Source data START

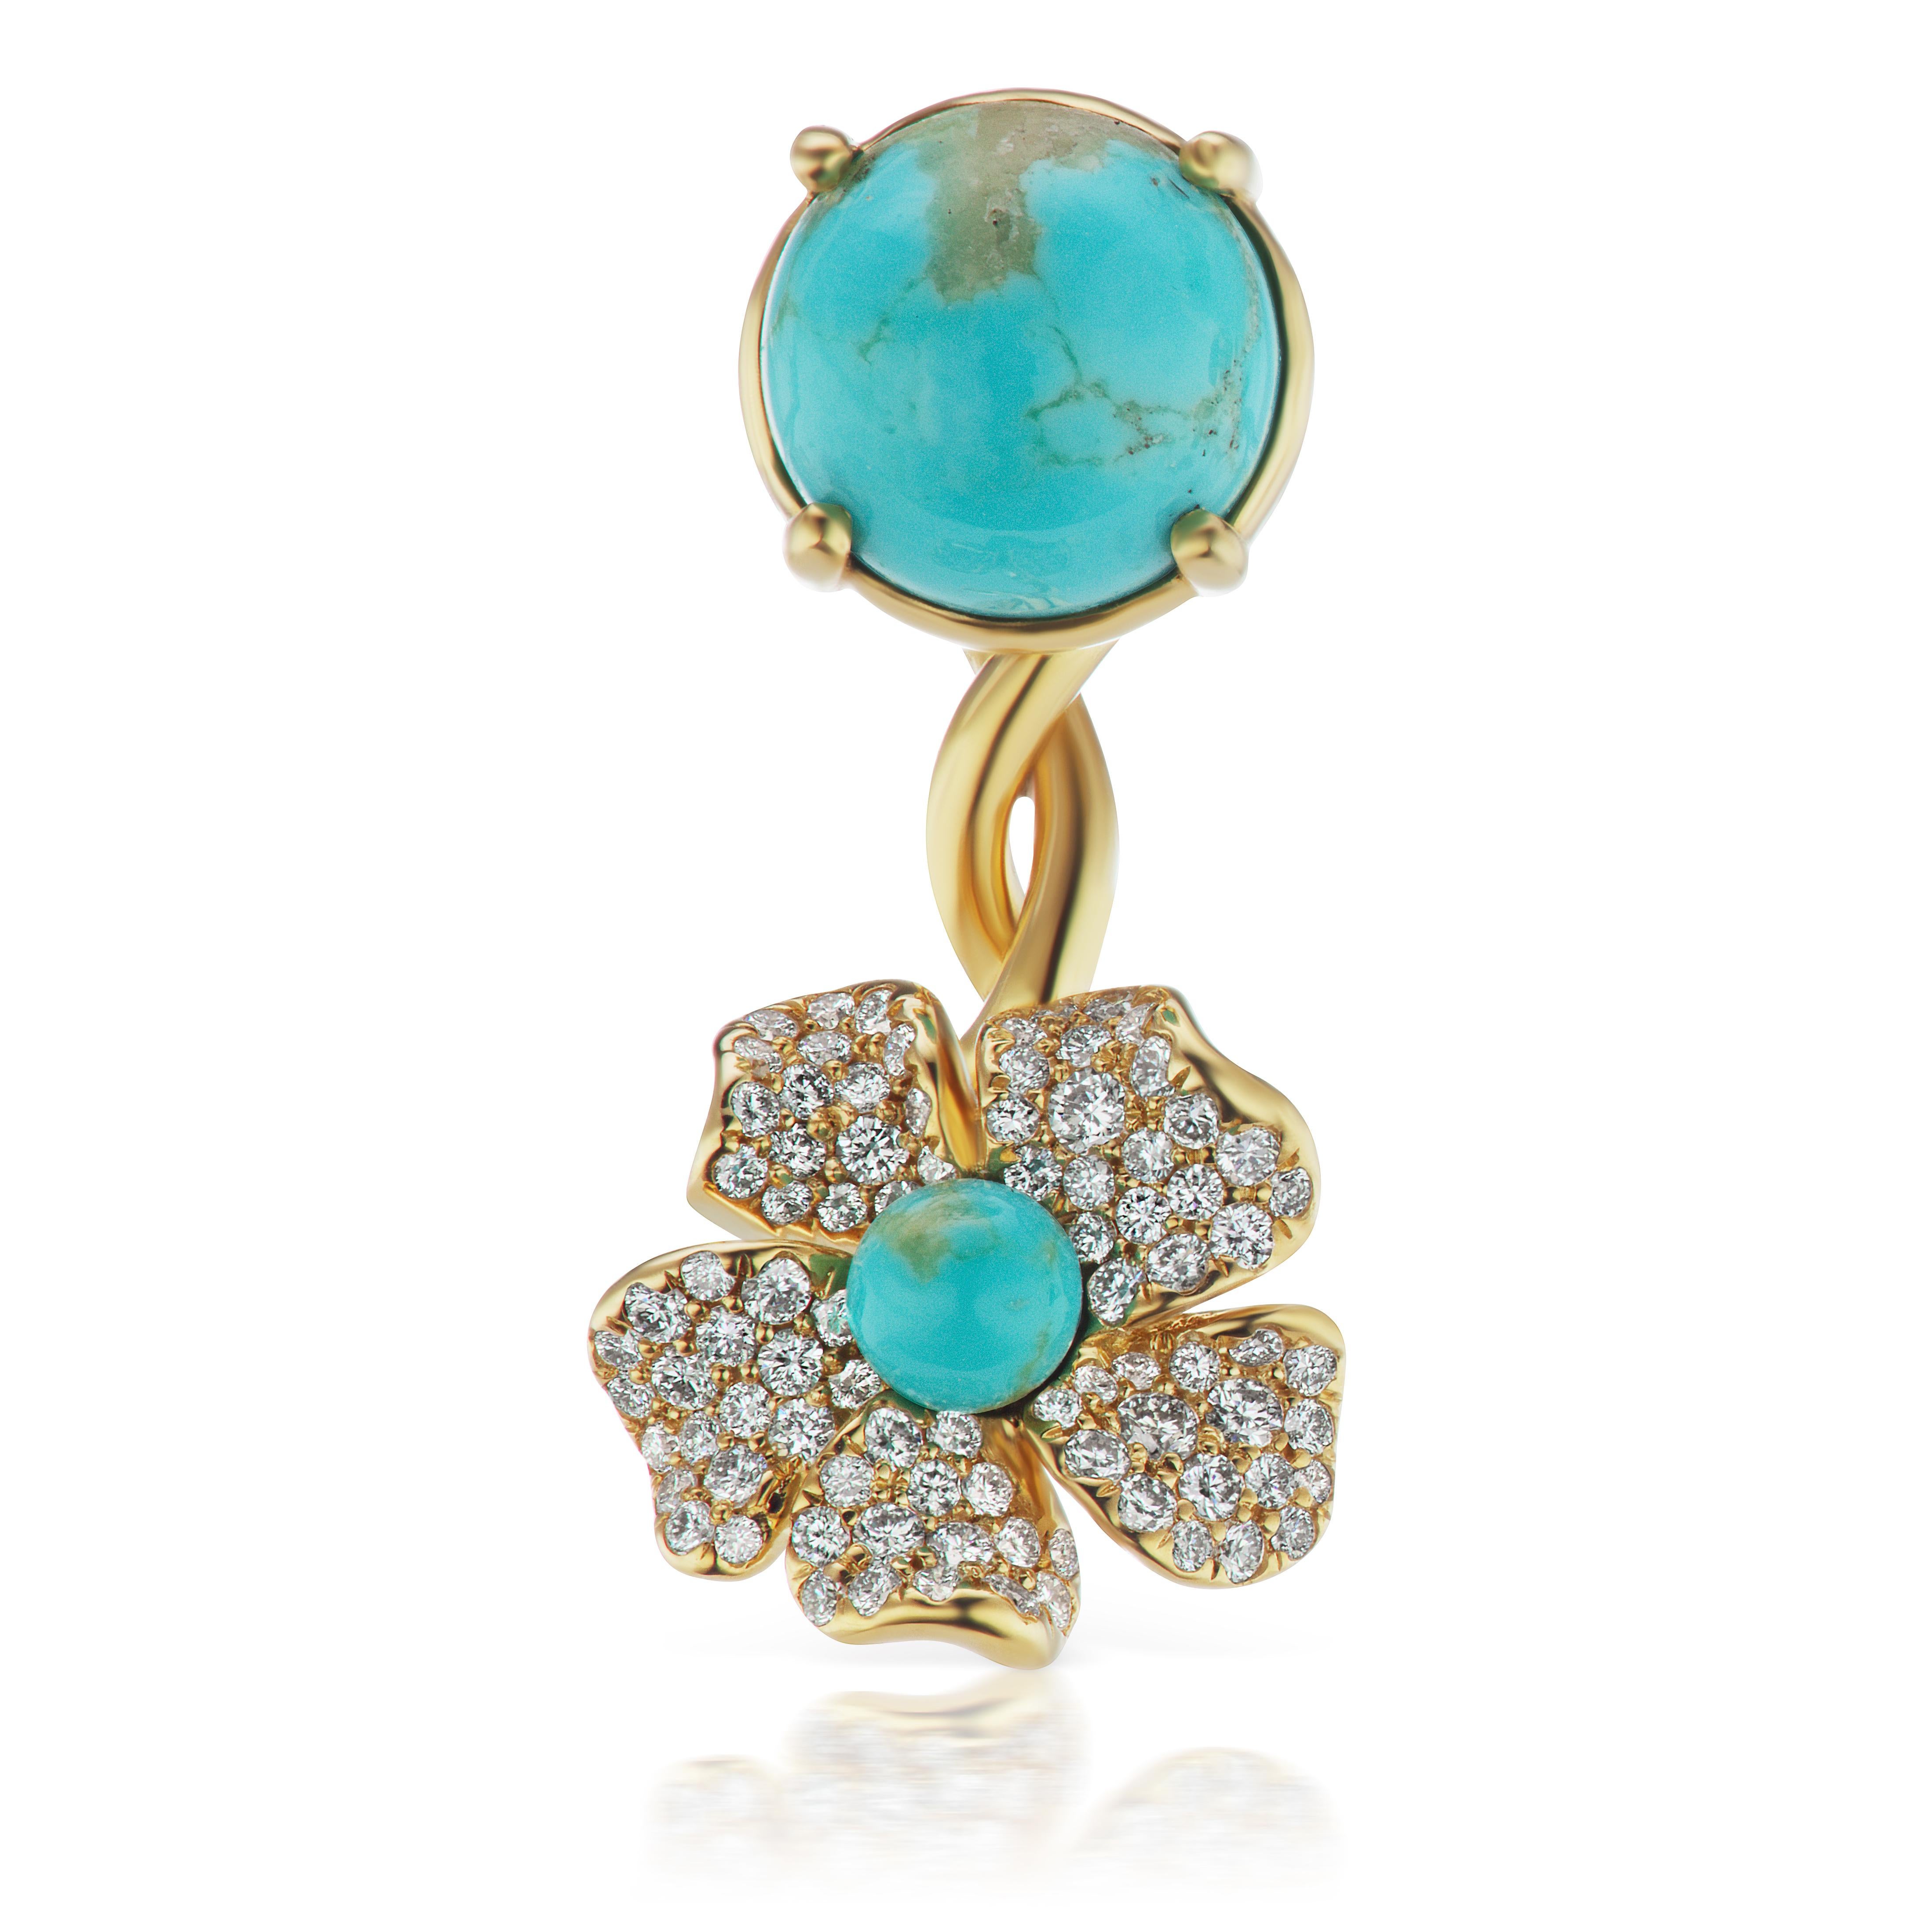 18K Yellow Gold Flower Earring with Turquoise and Diamonds
0.66 ct tw.
1.25
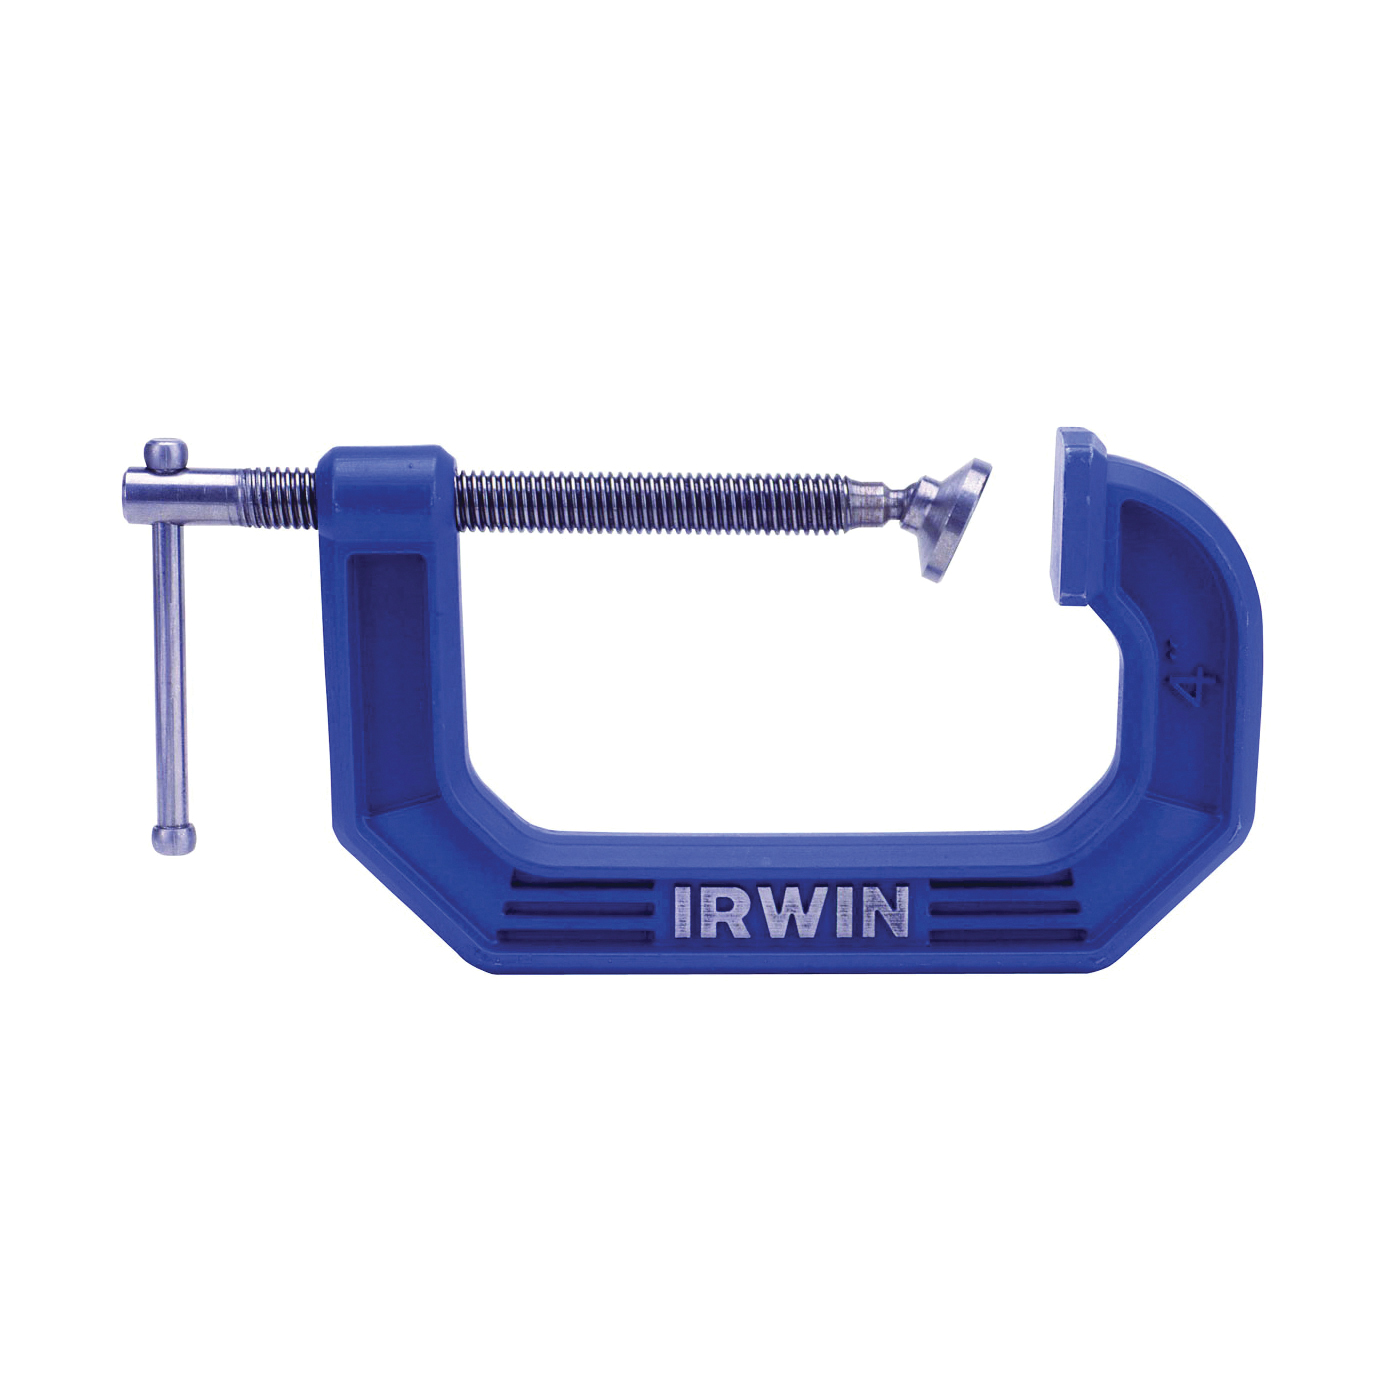 2025101 C-Clamp, 10 lb Clamping, 1-1/2 in Max Opening Size, 1-1/2 in D Throat, Steel Body, Blue Body

Source data END

Reproduce the material word for word, pictures excluded.

=== Reply to the exercise ===
 18K Yellow Gold Flower Earring with Turquoise and Diamonds
0.66 ct tw.
1.25
 2025101 C-Clamp, 10 lb Clamping, 1-1/2 in Max Opening Size, 1-1/2 in D Throat, Steel Body, Blue Body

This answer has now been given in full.